I might be missing something, but can't you just choose not to use it? For those using Scala who are interested in access to more advanced functional programming techniques, or using libraries that are written with a more "mathy" bent, this seems like a good thing. For those who'd prefer to never have to read the word "monad", just use something else.


But I am happy with Scala as it is. Why should I use something else? I, of course, know what a monad is, but I do not exactly care. For me, expressiveness is much more important than purity.

I even use vars where it is appropriate! :)


Well one of the confusions I think early on (or at least professed confusion on Lambda the Ultimate IIRC) is that Scala is mixed paradigm and that adds additional load for learning.

Some feel it should go full FP (what I mean by that is really discourage OOP, side effects, etc...). There is some valid arguments as Rust and Haskell might end up being an easier language to master as you can completely avoid the OOP conversation (polymorphic inheritance seems incredibly simple yet there are whole books written on how to use it.. ie patterns).

I'm curious do you prefer a more OOP imperative approach with some FP or do you prefer the opposite (FP with some slight OOP)?

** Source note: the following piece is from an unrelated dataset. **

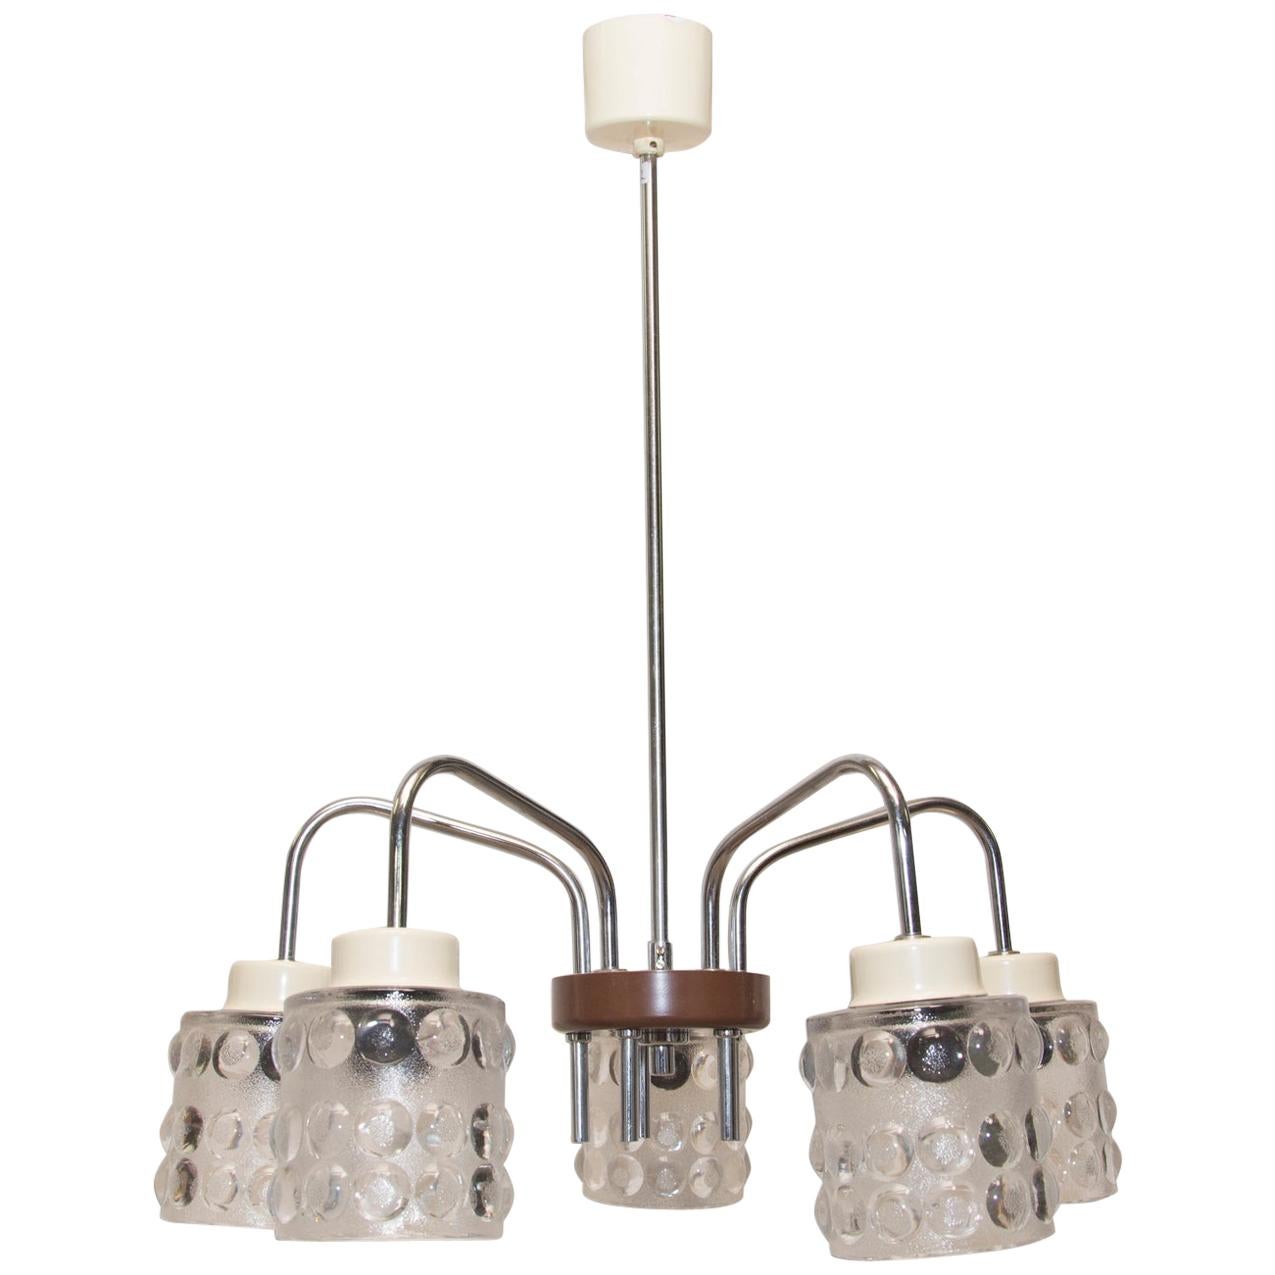 Midcentury Pendant with Five Cut-Glass Lampshades, Lidokov, 1960s

OOP hate is common these days, but I always has been an OOP enthusiast. I used to write in Smalltalk, I implemented a few metaobject protocols of my own, and I think OOP had deserves its success (unfortunately, C++/Java is not really OOP... However, some principles still apply).

So, when a language appeared to combine the best ideas from FP and OOP, I happily embraced it. And I want it to stay this way.

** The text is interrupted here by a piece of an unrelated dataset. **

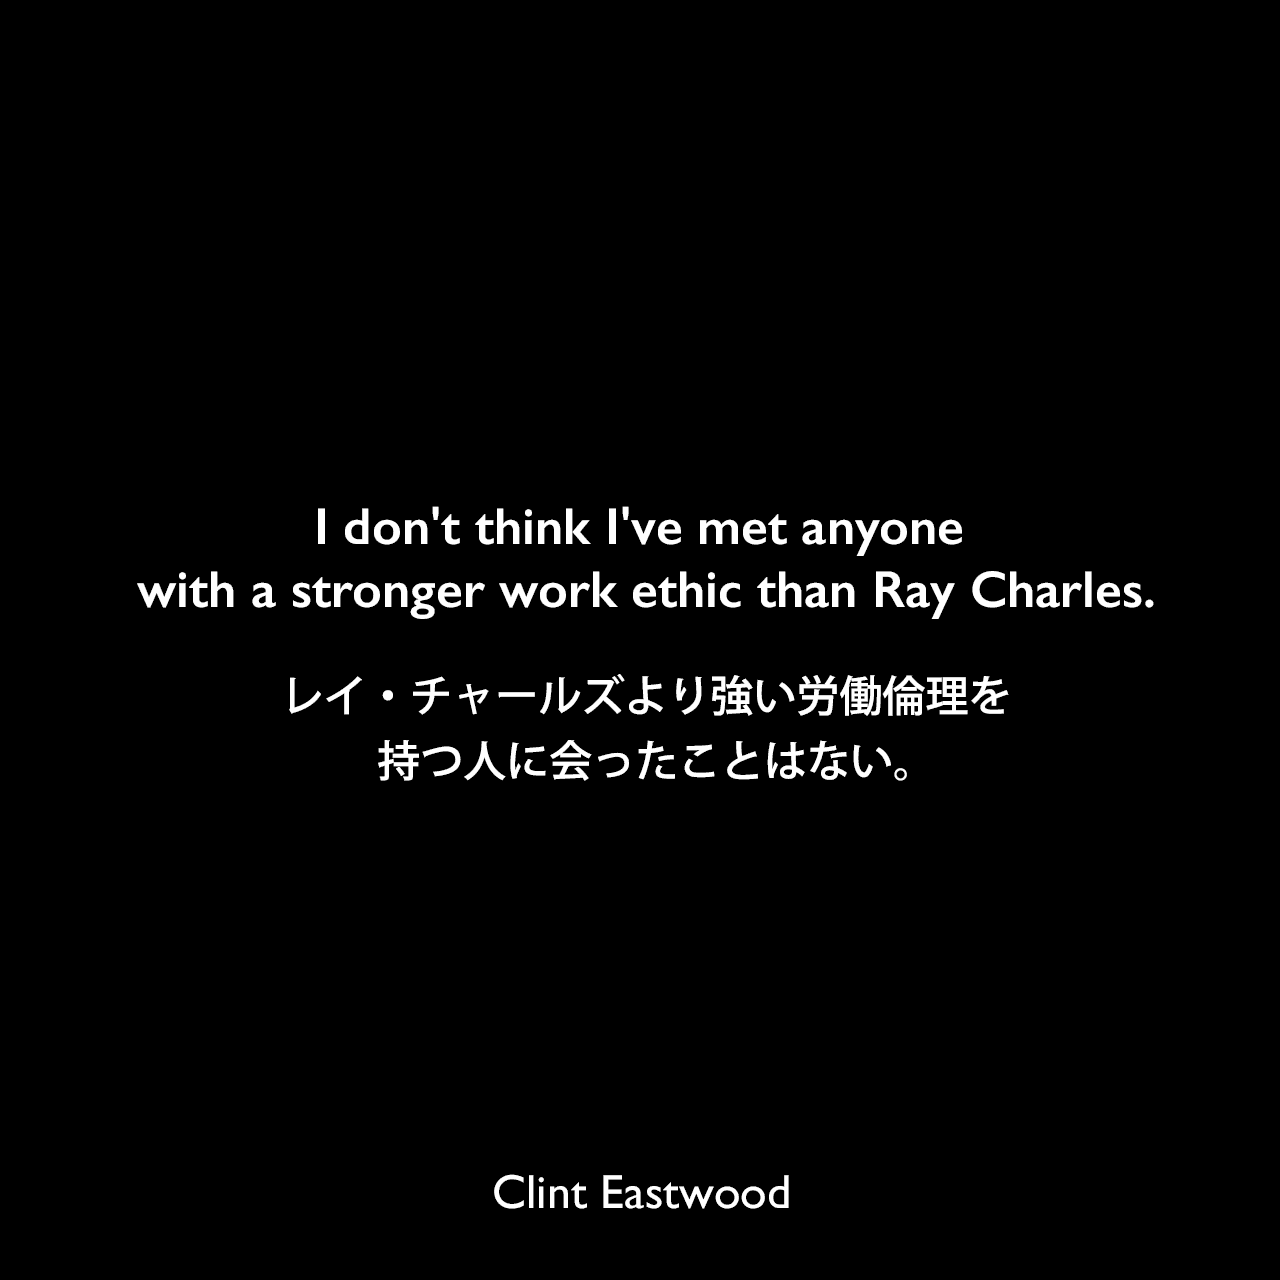 I don't think I've met anyone with a stronger work ethic than Ray Charles.レイ・チャールズより強い労働倫理を持つ人に会ったことはない。Clint Eastwood

Scala is a really great OO language, enabling very useful statically typed mixin compositions that you won't find in any other language. Uunfortunately, the vocal side of the community is very much anti OOP, so you don't hear about them much, but it is still there.


There are many excellent non-OO functional languages like Haskell, where functional concepts are mapped to much more elegant syntactic devices, having not much to do with OOP. There, ADTs are not expressed as "case classes", there's no need for implicits and coercions to enable type classes, and one can speak the word "monad" freely and bravely.

However, Scala is not Haskell. Scala's raison d'être is merging FP and OOP, and it excels at it. I'd like to leave it this way.


Sometimes you really need to drop into mutation of state in perf critical paths


There are great tools for that in both Scala and Haskell.

In Scala you can use var, which is easy.

In Haskell you can write your algorithm using ST and then use it as a pure function by means of runST. The type system guarantees that all such state is local to the invocation.


While it doesn't mention monad, for comprehensions are first-class support for them. Whether or not you can get over the use of the word. What else are you going to call F[_], bind, and point???


I guess you could just call F[_] a monoid in the category of endofunctors of F[_]...


actually without some concepts its pretty hard to not have boilerplate code. I mean OptionT and maybe OneAnd is pretty useful.


This is fantastic. It's already fixing many of the issues I run into in my day-to-day Scala programming. I hope it serves as a good test-bed for features to make their way into the "official" compiler.


What are those issues?


Well, it's not the first time people try to steer Scala to a different direction. Paul Phillips for instance, after many complaints on the direction the language was going, forked Scala (but now his fork is largely abandoned). https://github.com/paulp/policy


Related discussion: Policy – A fork of the Scala compiler [0]

[0] https://news.ycombinator.com/item?id=8276565


Was he trying to fork the language or the compiler? I thought he wanted a better (by his metrics) compiler for the same language. Did I misunderstand his intent way-back-when this was a thing?


The compiler apparently.


Are future versions of cats going to require the typelevel scala?


No. I don't believe so. Think of Typelevel Scala as a tool to help people test out improvements to Scala as a whole, not as something that is going to deviate significantly from Lightbend Scala.